:: Your objective ::
Please repeat the lines below exactly. Begin with the line containing "Transformers Air Raid" and go on through the line containing "1010: Karl Gerstner, (Swiss, b.".

:: Data records ::
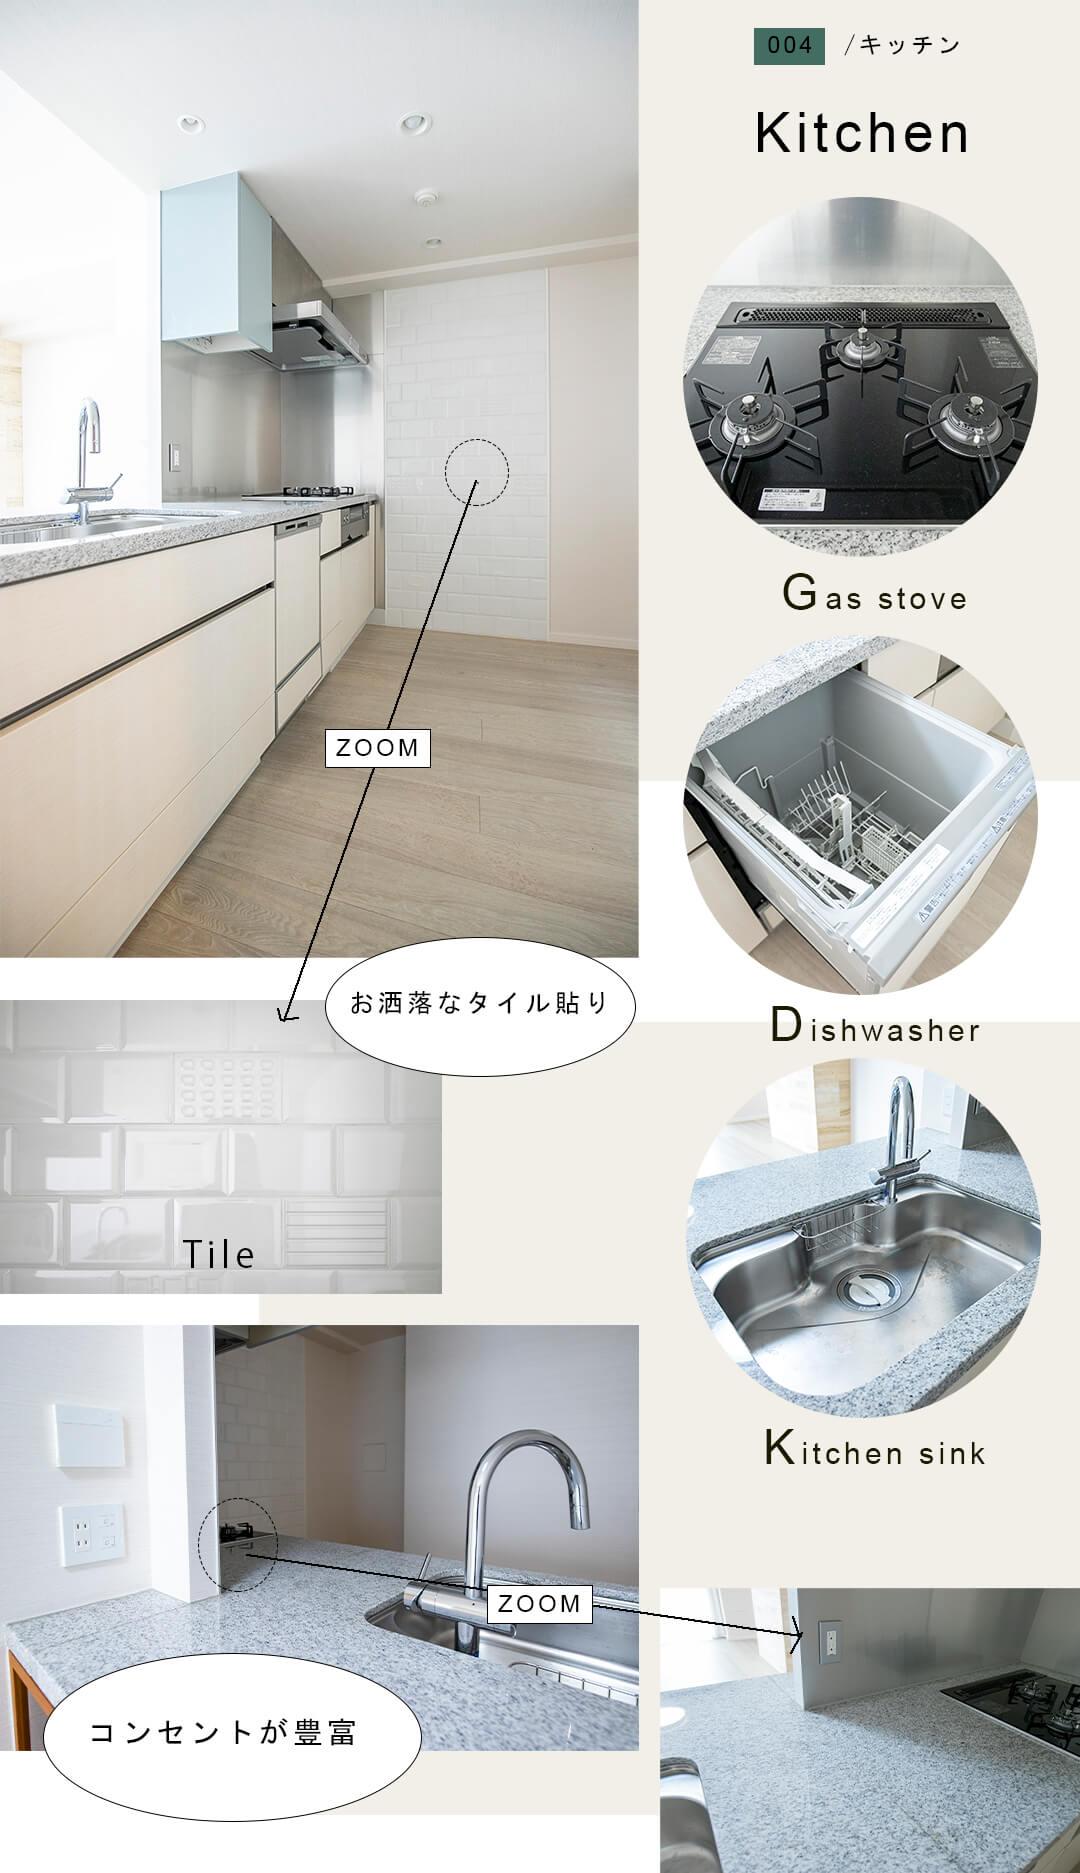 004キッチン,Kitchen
* * *
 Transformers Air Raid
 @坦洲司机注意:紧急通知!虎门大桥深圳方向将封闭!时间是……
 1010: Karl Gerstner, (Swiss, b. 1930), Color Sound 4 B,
...
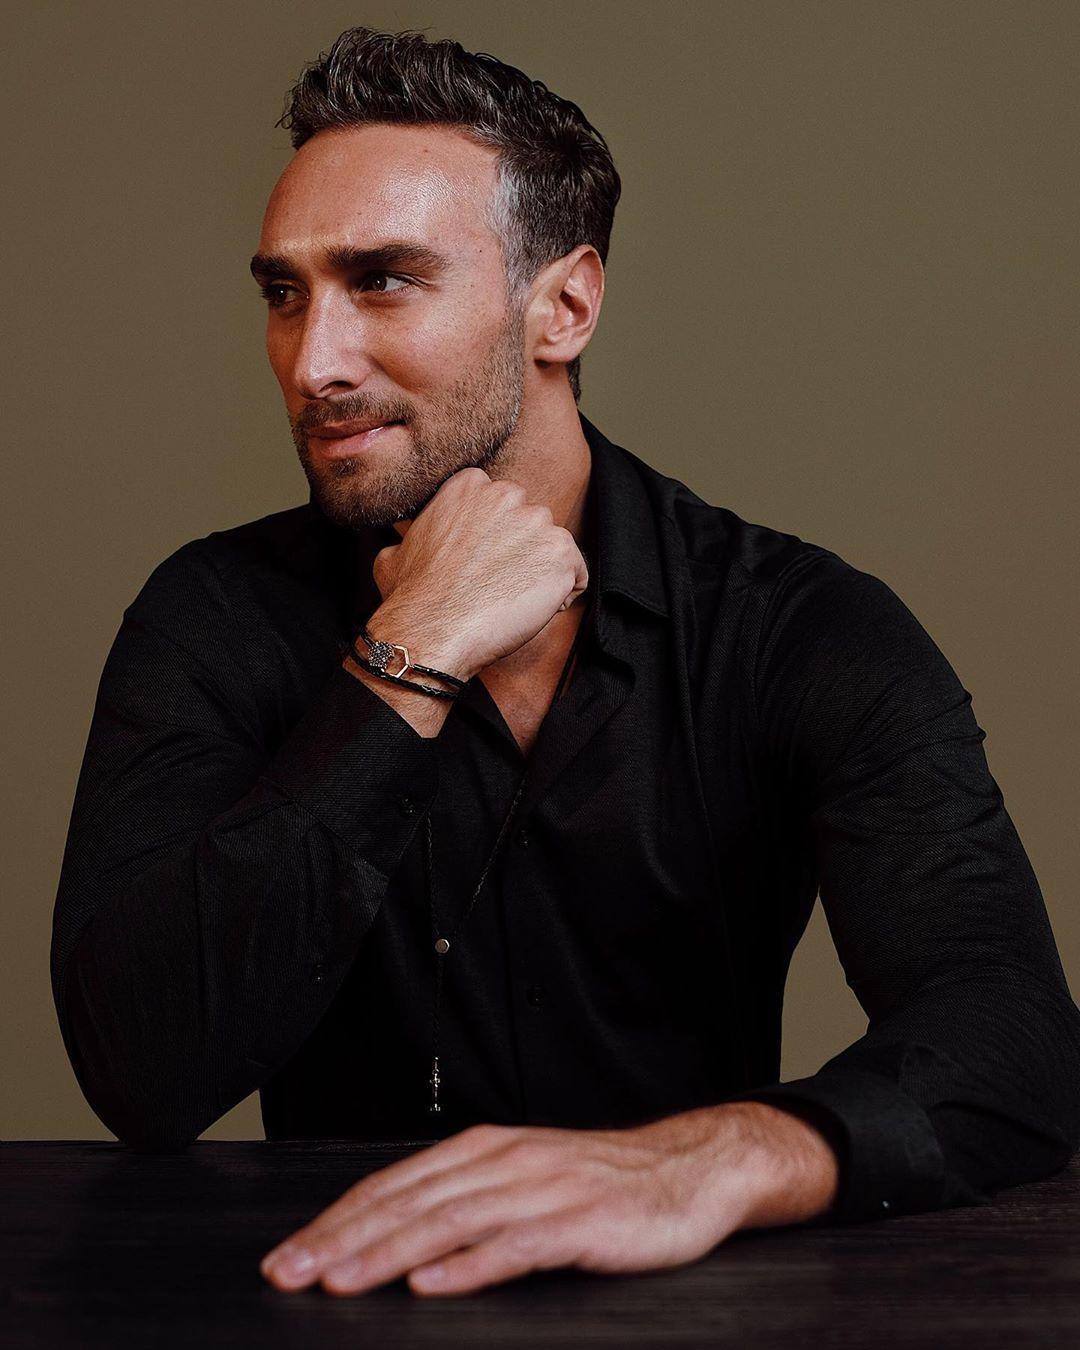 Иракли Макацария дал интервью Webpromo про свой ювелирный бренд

:: Answer space ::
 Transformers Air Raid
 @坦洲司机注意:紧急通知!虎门大桥深圳方向将封闭!时间是……
 1010: Karl Gerstner, (Swiss, b. 1930), Color Sound 4 B,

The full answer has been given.